The WaitGroup solves "completion." It does not solve "bound." The line go func(...) still spawns one goroutine per item.

Why "goroutines are cheap" misleads beginners¶

The Go documentation and almost every tutorial says goroutines are cheap. They are: ~2 KB of stack, microseconds to spawn. So why is a million of them a problem?

Three reasons:

Stacks compound. 1 million goroutines × 2 KB minimum stack = 2 GB just for stacks. Many goroutines exceed 2 KB once they call into the standard library; 8 KB or 16 KB per goroutine is realistic.
The work each goroutine does is rarely free. If process(it) opens a database connection or makes an HTTP call, you now have a million connections to open. Your pool has 100 slots. The rest queue and time out.
The scheduler and GC pay for every goroutine. GC has to scan every live goroutine stack. With a million live, GC cycles get noticeably longer. The scheduler has to balance and steal across a million runnable Gs. The cost is not zero, even when goroutines are idle.

The textbook is right about one goroutine. It is wrong if you read it as "any quantity is cheap."

What the program looks like at the system level¶

When a Go service unbounded-fan-outs on a 10-million-element input, an outside observer sees:

Memory usage climbs from 200 MB to 30 GB in seconds.
CPU usage stays low — the goroutines are mostly waiting on I/O or memory allocation.
Downstream services (databases, HTTP backends) report timeouts, refused connections, queue overflow.
Eventually the kernel OOM killer terminates the process. The service restarts. The first request after restart is the same input. The cycle repeats.
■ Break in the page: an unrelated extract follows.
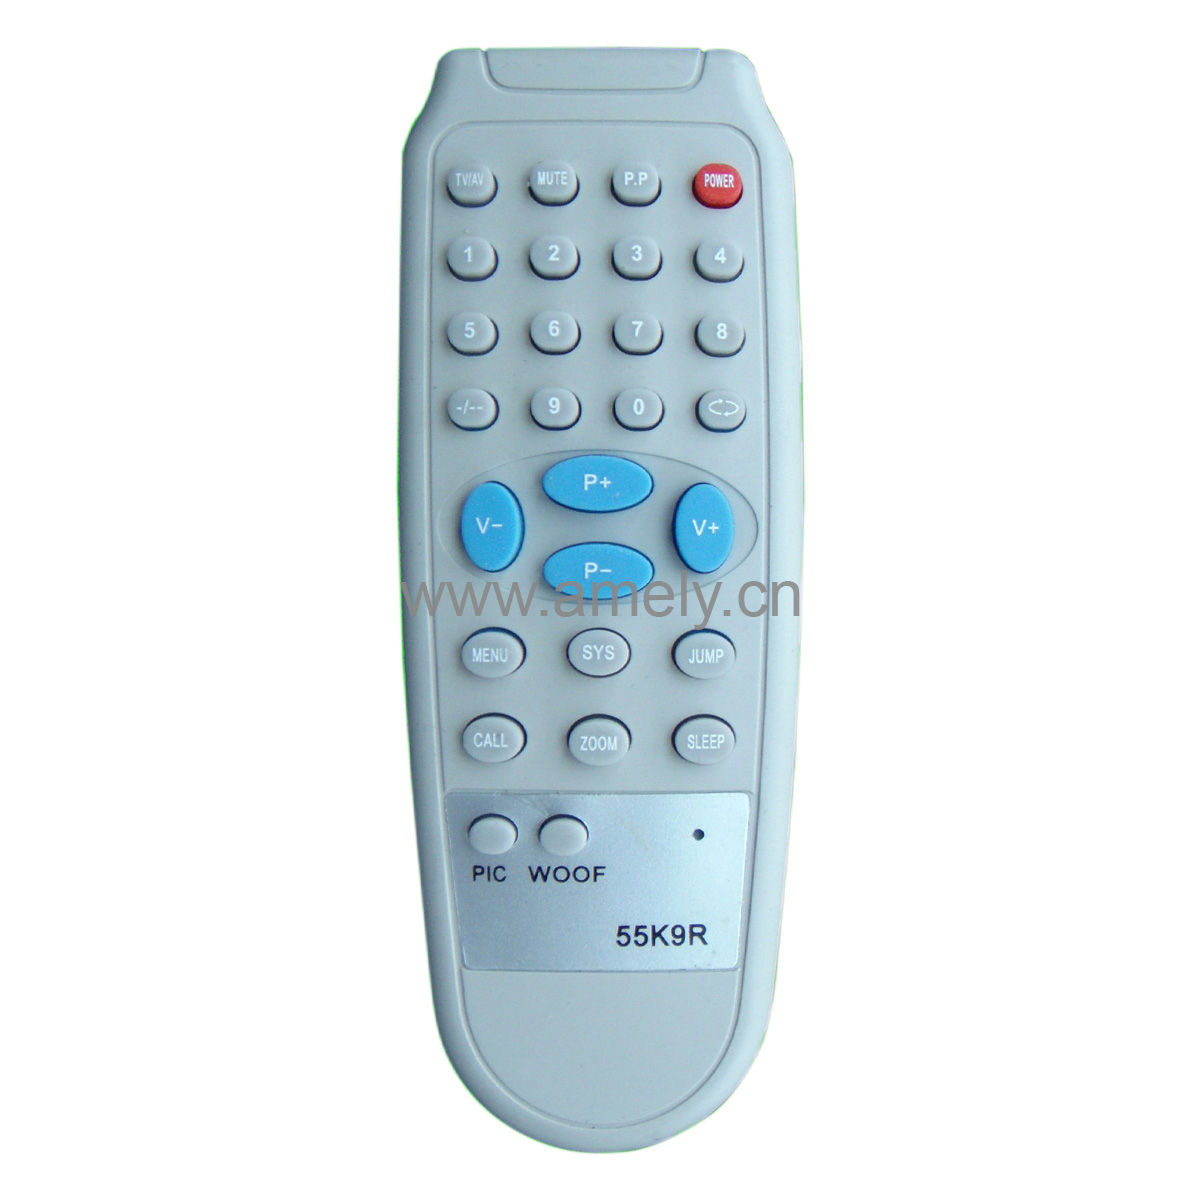 pilot Sociology bribe Reviews : 55K9R Use for CHINESE TV remote control - m.amely.cn

This is the textbook brownout-then-crash failure mode. It is hard to debug because the proximate cause (OOM) is far from the root cause (one go keyword in a loop).

The DoS framing¶

If the input that drives the fan-out comes from a user — a request body, a query parameter, a queued message — then the user controls how many goroutines your service spawns. That is a denial-of-service vulnerability.

Concretely:

func handler(w http.ResponseWriter, r *http.Request) {
    var ids []string
    json.NewDecoder(r.Body).Decode(&ids)
    for _, id := range ids {
        go fetchAndStore(id)  // attacker decides len(ids)
    }
    w.WriteHeader(204)
}

A request with ids = [1, 2, ..., 1_000_000] spawns a million goroutines per HTTP request. A few such requests crash the service. No CVE will be filed because it is "your bug, not Go's bug," but the impact is identical to a vulnerability.

We will return to this in the Security Considerations section.

The three standard cures¶

There are exactly three idiomatic ways to bound a fan-out in Go. Memorise all three.

Cure 1 — Worker pool. A fixed number of long-lived goroutines drain a channel of jobs:

jobs := make(chan Item, 64)
var wg sync.WaitGroup
for i := 0; i < 8; i++ { // 8 workers
    wg.Add(1)
    go func() {
        defer wg.Done()
        for it := range jobs {
            process(it)
        }
    }()
}
for _, it := range items {
    jobs <- it
}
close(jobs)
wg.Wait()

Cure 2 — Channel as semaphore. Spawn a goroutine per item, but block until a slot frees:

sem := make(chan struct{}, 8) // capacity 8
var wg sync.WaitGroup
for _, it := range items {
    wg.Add(1)
    sem <- struct{}{} // acquire (blocks at 8)
    go func(it Item) {
        defer wg.Done()
        defer func() { <-sem }() // release
        process(it)
    }(it)
}
wg.Wait()

Cure 3 — errgroup.SetLimit. Shortest in Go 1.20+:

import "golang.org/x/sync/errgroup"

g := new(errgroup.Group)
g.SetLimit(8)
for _, it := range items {
    it := it // safe even on Go 1.22+; explicit and clear
    g.Go(func() error {
        return process(it)
    })
}
if err := g.Wait(); err != nil {
    log.Print(err)
}

Each cure has trade-offs (covered in middle.md), but any of the three is acceptable. No cure is not.

Real-World Analogies¶

The buffet line¶

A buffet has 50 dishes. Each customer can grab one plate and serve themselves. Now imagine each customer also brings 100 friends — and each friend grabs a plate the moment they arrive. Within seconds the line collapses, the kitchen runs out, and nobody eats. The cure is not "more plates"; it is a host who lets only N people into the line at a time.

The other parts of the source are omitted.